En dépit de la grogne générale, l’agent du CGI, sûrement l’un des responsables de l’Agence d'Angré, persiste : « Rentrez chez vous. Depuis ce matin, nous n’avons pu prendre que 340 personnes ».
Une aubaine pour les « facilitateurs »
Autour du centre, on trouve des jeunes qui se présentent comme des « facilitateurs ». Moyennant un paiement d’argent et avec la complicité d’un agent en interne, ces « facilitateurs » approchent les usagers qui ne veulent pas faire le rang ou n’ont pas le temps de le faire, en vue de leur faciliter les démarches administratives. Ces « facilitateurs » profitent des occasions qui leur sont offertes ou usent de divers stratagèmes pour accéder à l’intérieur du CGI. « J’étais là hier, on m’a demandé de passer aujourd’hui (…) J’ai rendez-vous avec un tel ou une telle (…) C’est M. X qui m’a appelé ». Ce sont autant d’astuces qu’utilisent les « facilitateurs » pour avoir accès aux bureaux.
Un seul « facilitateur » peut avoir sous les bras, plusieurs dossiers. Imperturbables, ces jeunes n’ont cure du tort qu’ils causent aux autres usagers. Ils sont d’ailleurs accusés par bon nombre de personnes dans la file d’attente, d’être à la base de leur malheur. Des accusations qu’ils réfutent en bloc. « Mon vieux, ici, chacun est venu chercher son argent. C’est le business. Comment pouvons-nous influencer une organisation avec les corps habillés qui sont là ? Avant, c’était facile. Mais ce n’est plus le cas. Des gens nous remettent leurs documents qu’on dépose. Quand leurs tours arrivent, on les appelle. C’est tout », se dédouane M.N, 25 ans, qui dit vivre essentiellement de cette activité.
Arrivé à 11h, ce vendredi, un couple d’origine asiatique, échange avec un des « facilitateurs » avant de foncer directement vers la porte d’entrée. Le couple s'entretient quelques instants avec le portier, puis est introduit à l’intérieur du centre. Ce n’est pas passé inaperçu. La grogne des autres usagers reprend de plus belle. Des éclats de voix montent et contraignent les responsables des lieux à autoriser encore une quinzaine de personnes à accéder à la grande salle.
Il est 16 h 46 mn, lorsque les travailleurs désertent les lieux, abandonnant à leur sort, les usagers qui n’ont pu avoir accès à l’intérieur du centre. Cette fois, les responsables les somment de quitter les lieux. Rendez-vous leur est donné pour le lundi matin. Cependant, une liste est dressée pour faire respecter l'ordre, ce jour-là. Ce sont des hommes et femmes abattus pour n’avoir pas eu satisfaction, qui quittent les lieux.

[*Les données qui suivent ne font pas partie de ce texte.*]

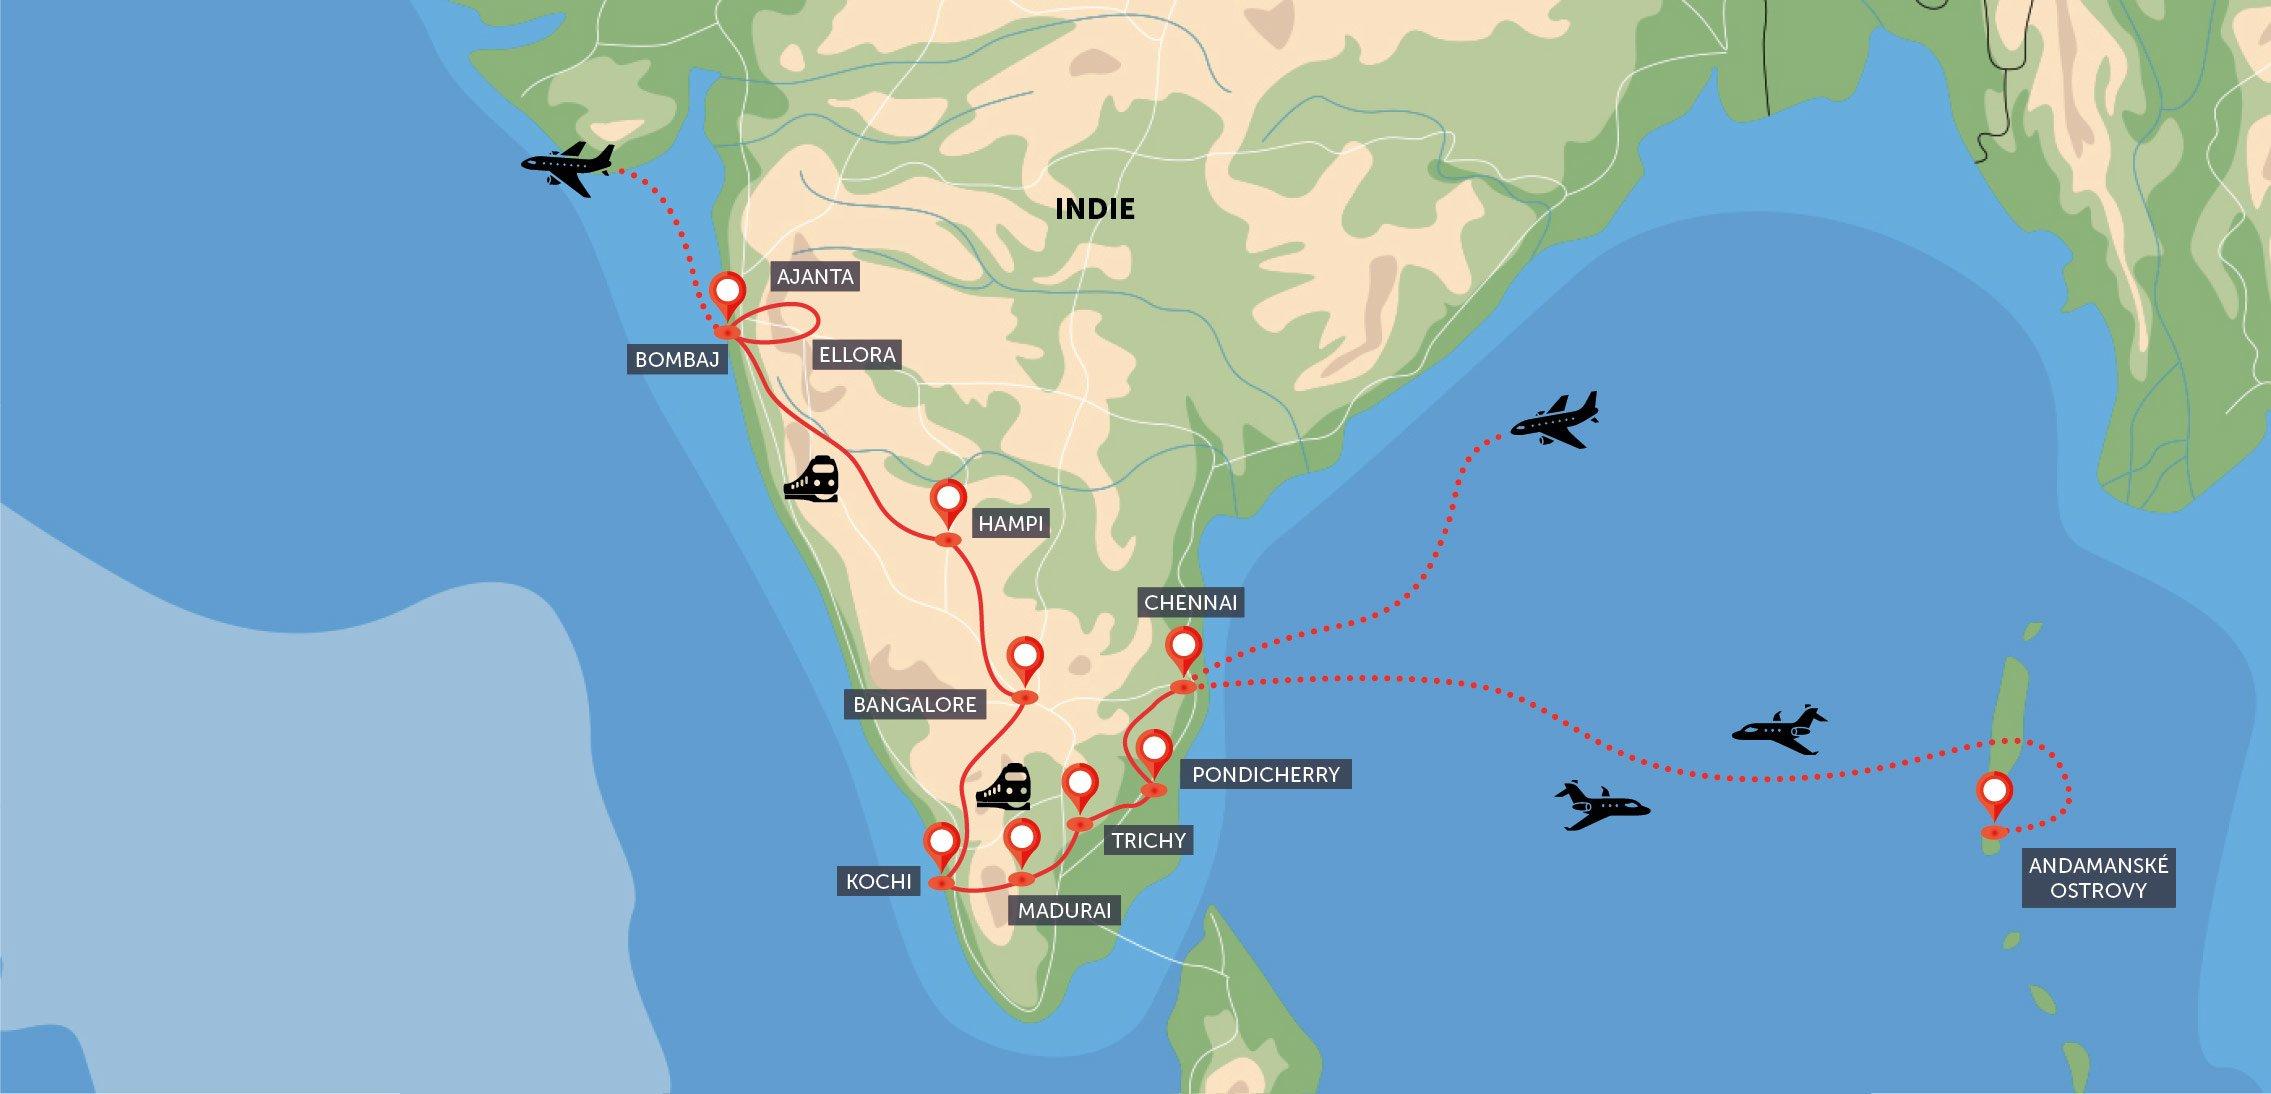 Jižní Indie, Hampi, Bombaj

Une journée entière perdue !
Le lundi 14 août 2023, debout depuis 5h du matin, nous voici à nouveau en route pour le centre de Cocody, Angré. Il est 6 h 15 mn, lorsque le taxi que nous avons emprunté, nous dépose devant des locaux encore fermés. À cette heure de la journée, la mobilisation est déjà forte. Les deux bâches dressées pour accueillir les candidats, sont pleines de monde. L’ouverture est pourtant prévue pour 7 h 45 mn et la fermeture à 16 h 45 mn.